Bullets: tongue biters, London crackheads, and the return to the moon
Woohoo bullets!
- NASA is going back to the moon. On paper, anyway. Probably most of you have heard about this by now, so I’m not going to do an extensive writeup on it. Ars has the best coverage, as usual, and New Scientist also has san article on it.
- A few days ago, I wrote about Cymothoa exigua, the tongue biters who strangle or eat (it’s still unclear) the tongues of their host fish, substituting themselves instead. But why stop at one tongue biter when you can have two? That page also has more pictures of normal fish tongues and other cutaway photos of the fish.
- Apparently one in every hundred Londoners could be a crack cocaine user. Sounds like they’ve got the same problem as Italy. Maybe Virgin should start a cocaine refinery: Virgin Coke.

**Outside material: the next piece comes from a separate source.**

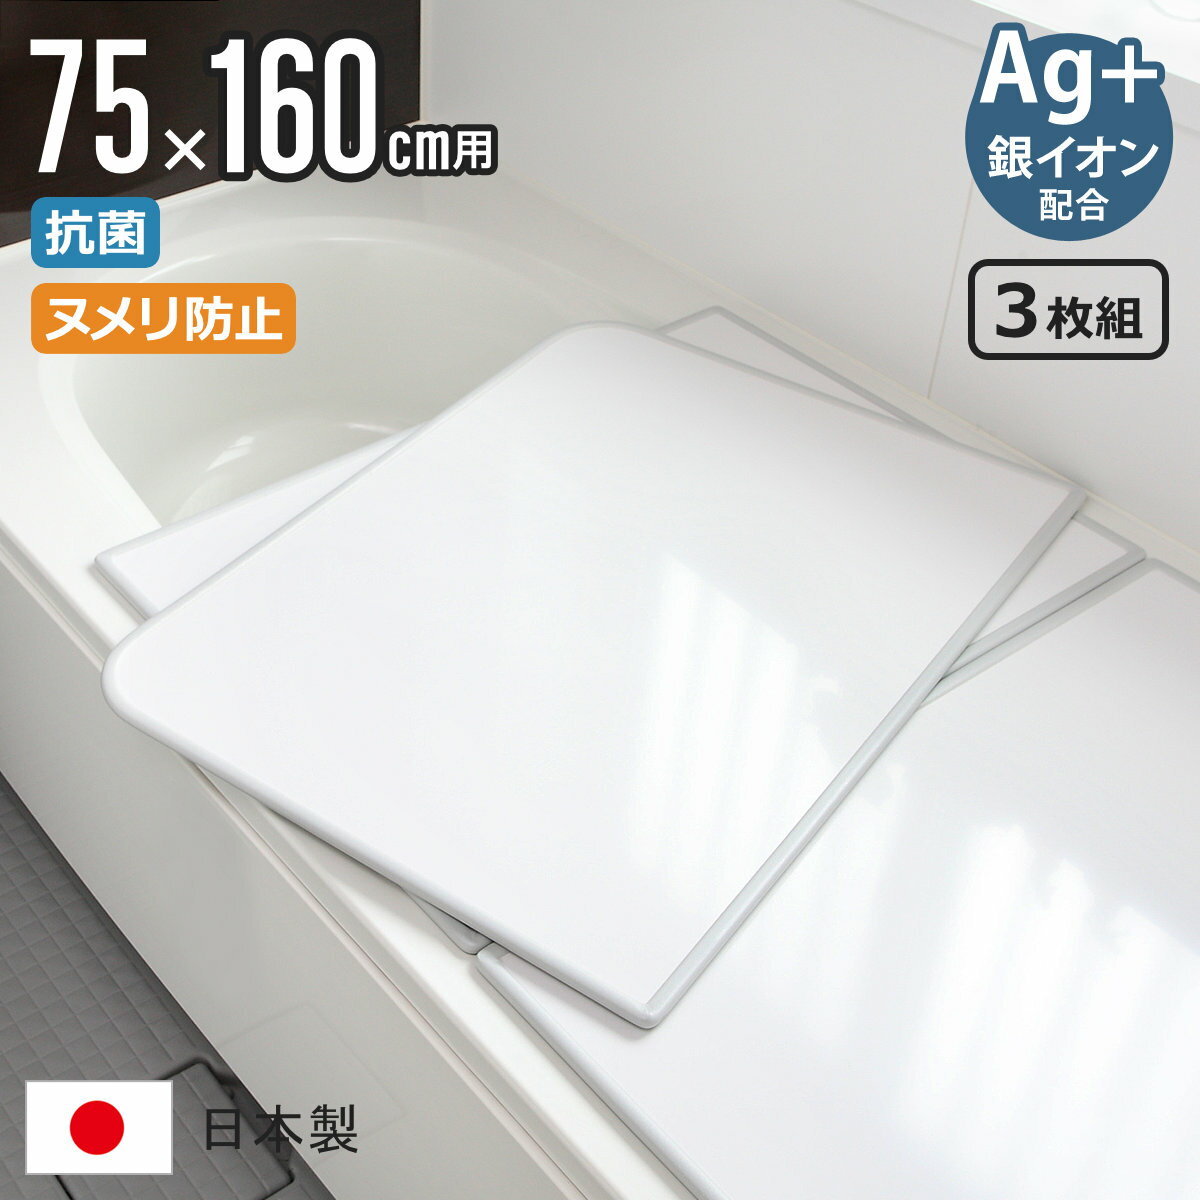 【レビュー特典付き】 風呂ふた 組み合わせ 75×160cm

On the subject of NASA returning to the moon… while this is nice to see, and the moon provides a good stepping stone on the way to Mars or a similar mission, I can’t help but feel just a little disappointed. While no one in my generation has ever seen anyone walk on the moon, we have seen the Apollo 11 video footage. My mom was 14 when Apollo 11 landed, and I’m 22 years old. It’s been decades since we’ve been to the moon, and now, all of a sudden, we’re going back and there’s this big to-do about it, as though something extraordinary is about to happen.
We were on the moon in the sixties. Almost 40 years ago. Why should we be excited to go back to a place we went to two to three generations ago? This is not new or spectacular. This is redundant. Unlike Halley’s Comet which comes around once every 75 years, and is constant, science and technology is fluid and always progressing. The moon is the best we can do, now, 51 years after we did it the first time? Please tell me I’m not the only one disappointed by this. Is a moon landing something that’s only going to happen once every 50 years, so we should simply get used to it and enjoy it while it’s here? Or are we going to make a decision to finally push beyond the bounds of Earth and keep going instead of throwing up our hands only to sit back complacent in the knowledge that we “did it” and there’s nothing more to be done?

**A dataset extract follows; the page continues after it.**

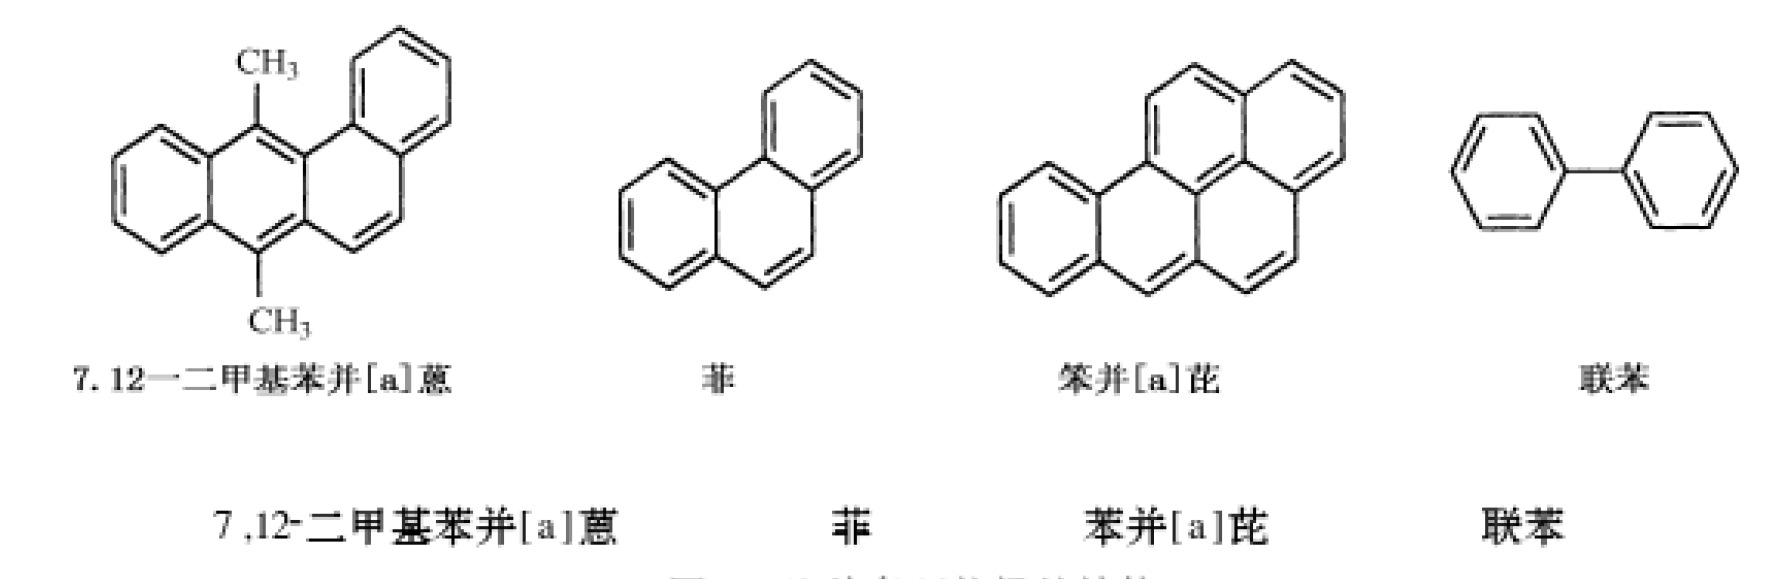 常见的几种多环芳烃.jpeg

I realize that the space race was a political tool more than anything else, and that it served its purpose (along with the nuclear arms buildup) in bankrupting the Soviet Union, but I would have expected a little more out of NASA than merely a plan to return to the moon 50 years after the first landing. If not NASA then a private corporation, though I suppose that (right now) there isn’t much money to be made in space simply because of the prohibitively high cost of transportation. Anyway, so is this return to the moon to accomplish some major political end, or is it finally in the interest of science? I don’t know the answer, but I hope it is the latter, because if it is, there’s actually a chance that we’ll stay there or even push on instead of returning to Earth once it’s “mission accomplished.”
The replacement tongue

This is so awesomely disgustingly great I had to post it. There’s a louse that consumes a fish’s tongue and replaces it with itself. Cymothoa exigua was discovered inside the mouth of a red snapper bought from a London market. The louse had grabbed ahold of the tongue and slowly eaten it away until only a stub was left. It then latched onto the stub and became the fish’s tongue — getting a free meal after having fed on the tongue artery while it ate away.
Naturally, some crazy scientists are excited by the find, while the rest of the world remains disgusted. I’m intrigued: it’s certainly a novel idea, and quite frankly, I’m surprised something like this hasn’t been discovered before. The fish most likely came from California, but there is some confusion. Cymothoa was known to exist in the Gulf of California, but since it showed up in London, they’re not sure whether the fish was imported or the louse is simply expanding its territory. Cymothoa poses no danger to humans since it only attaches to fish tongues. Found attached to Lutjanus guttatus (a red or rose-spotted snapper, depending who you read), the parasite poses no danger to humans, but is pretty disgusting.

It enters through the fish’s gills and uses claws to attach itself to the base of the snapper’s tongue and survives by drinking blood from an artery. Once the tongue has been gotten rid of, it attaches itself as a new tongue, and manipulate’s the fish’s food and consumes the free food particles as the fish eats. Again, there is some confusion on what exactly happens: whether the louse eats the tongue, or simply causes it to atrophy due to blood loss, but the net effect is the same: the louse becomes the new tongue.
Imagine dicing up a fish for dinner and seeing one of these little monstrosities, eh? (Another larger image)
From Practical Fishkeeping, Discovery, and CBBC News.
The problem of antibiotic resistance
I’ve had this article written for about two weeks now, and I’ve been holding onto it for a short time, but I’m not sure why. So here it is.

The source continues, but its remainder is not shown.